I've been coaching my daughter's soccer team for more 3 and a half years now - 7 seasons in total.

We're just hours away from her first first game for the fall season and I've been struck with an epiphany: coaching is very much like coding.

For the last month we've been hard at work making sure we cover the basic requirements, and wrap things up with test scenarios.

As we grew more confident that we'd covered the happy paths, we focused on edge cases and broadened our test suite.

We've made a lot of assumptions about the depths of what we should cover - but, given the set schedule and hard deadline, we did the best we could in the time we had.

And now, we're ready to deploy into production. Or...maybe we aren't ready and we'll find out.

But ultimately, as any good coder knows: if things fail, they should fail gracefully. When things go wrong, we'll be learn from it, build on the experience, and continue to iterate. We've set ourselves up to fail-forward.

The truth is, the first game is usually rough. For both sides, generally - but one side may struggle more. When they're young kids, it takes a moment to adjust from practice-mode to game-mode. One of my favorite moments as a coach is when you see things "click" for the team. All the drills, all the reminders about where to stand, where to run, when to communicate, what to communicate - suddenly make sense, and they start functioning as a collective, as a team.

Coaching isn't just like coding. It's like management too. In fact, any good manager should see themselves exactly as a coach. Your success as a coach is determined by the autonomy of your team during the game. 

If they're still looking to you for the basics, if you've failed.

If they're covering the basics, but you have to step in to help them adapt and adjust, you're doing ok - but you're still too invovled.

If they're covering the basics, adapting as needed, but you help coordinate - you're doing much better, but there's still work to be done.

When the team is covering the basics, adapting, and coordinating with each other - that's when you're successful. You've created a self-organizing team, and given them the tools to make you largely redundant. 

Redundancy isn't a bad thing. Redundancy means you've created capacity. Managers turn to leaders when when they start looking at how to use that capacity.

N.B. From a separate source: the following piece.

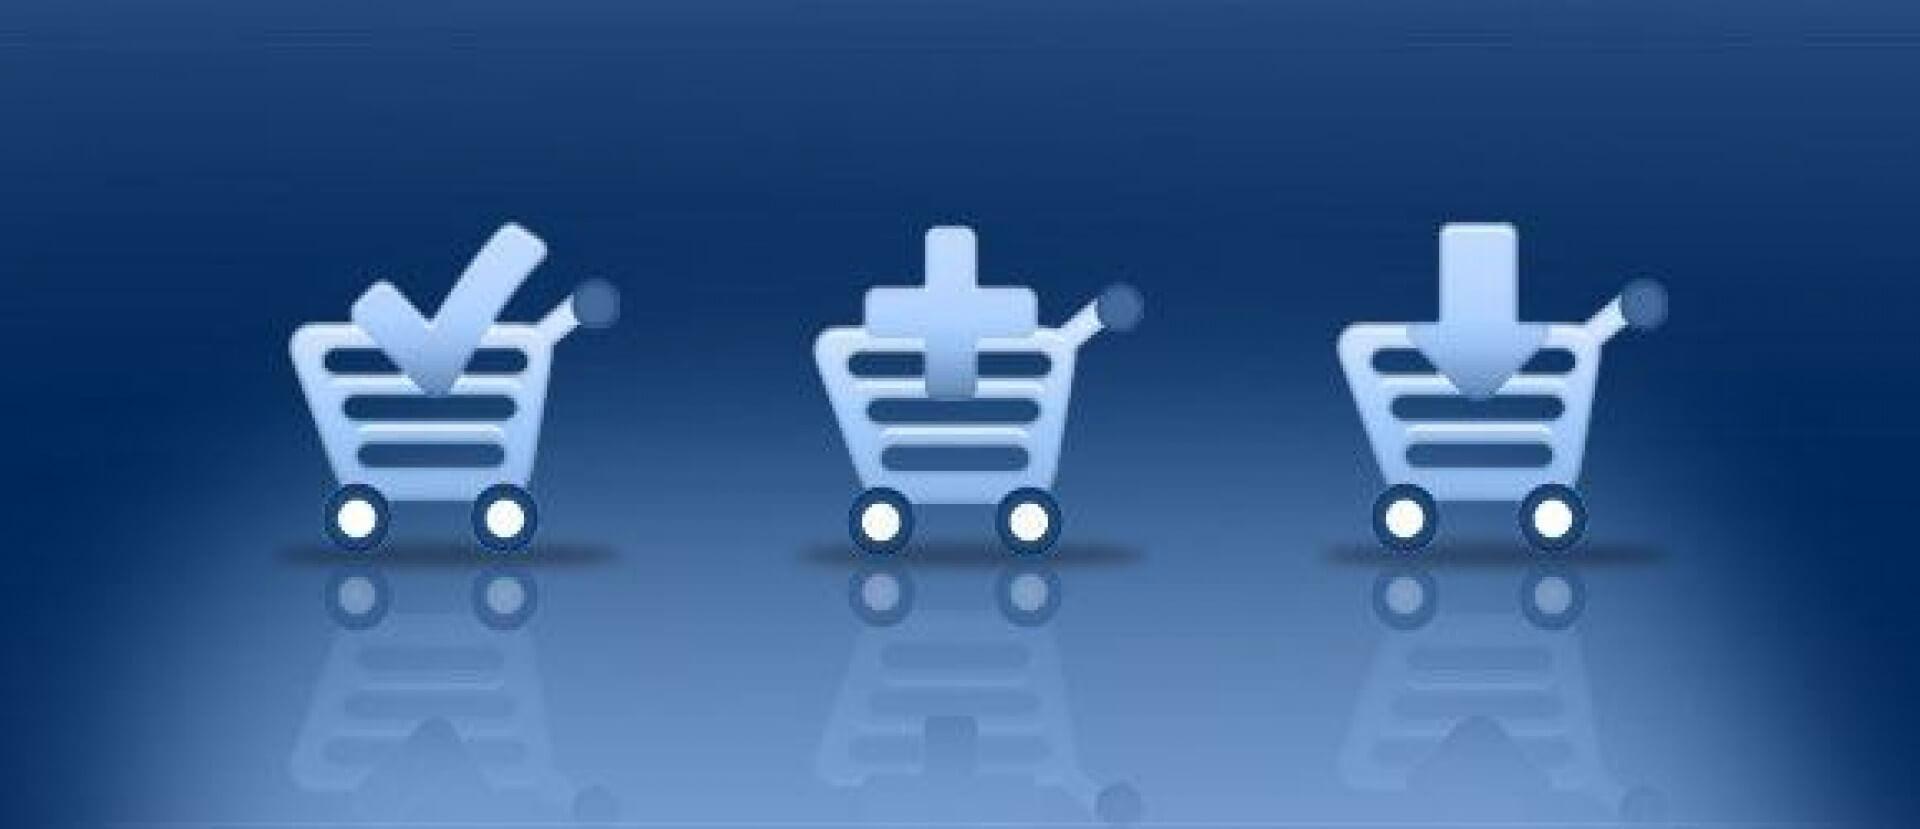 Onde o email marketing pode ajudar no comércio eletrônico?

What problems are tackled - and how do you address it such that you're building the same redundancy that creates more capacity.

Rinse and repeat.

I started this about the similarities between coaching and coding and turned this into a post about management, because at the root of all these is the same question: Are you focused on the superficial output (Winning games, writing amazing code, organizing a team) or are you focused on impactful outcomes (empowering team members, building the right product, making work easier)?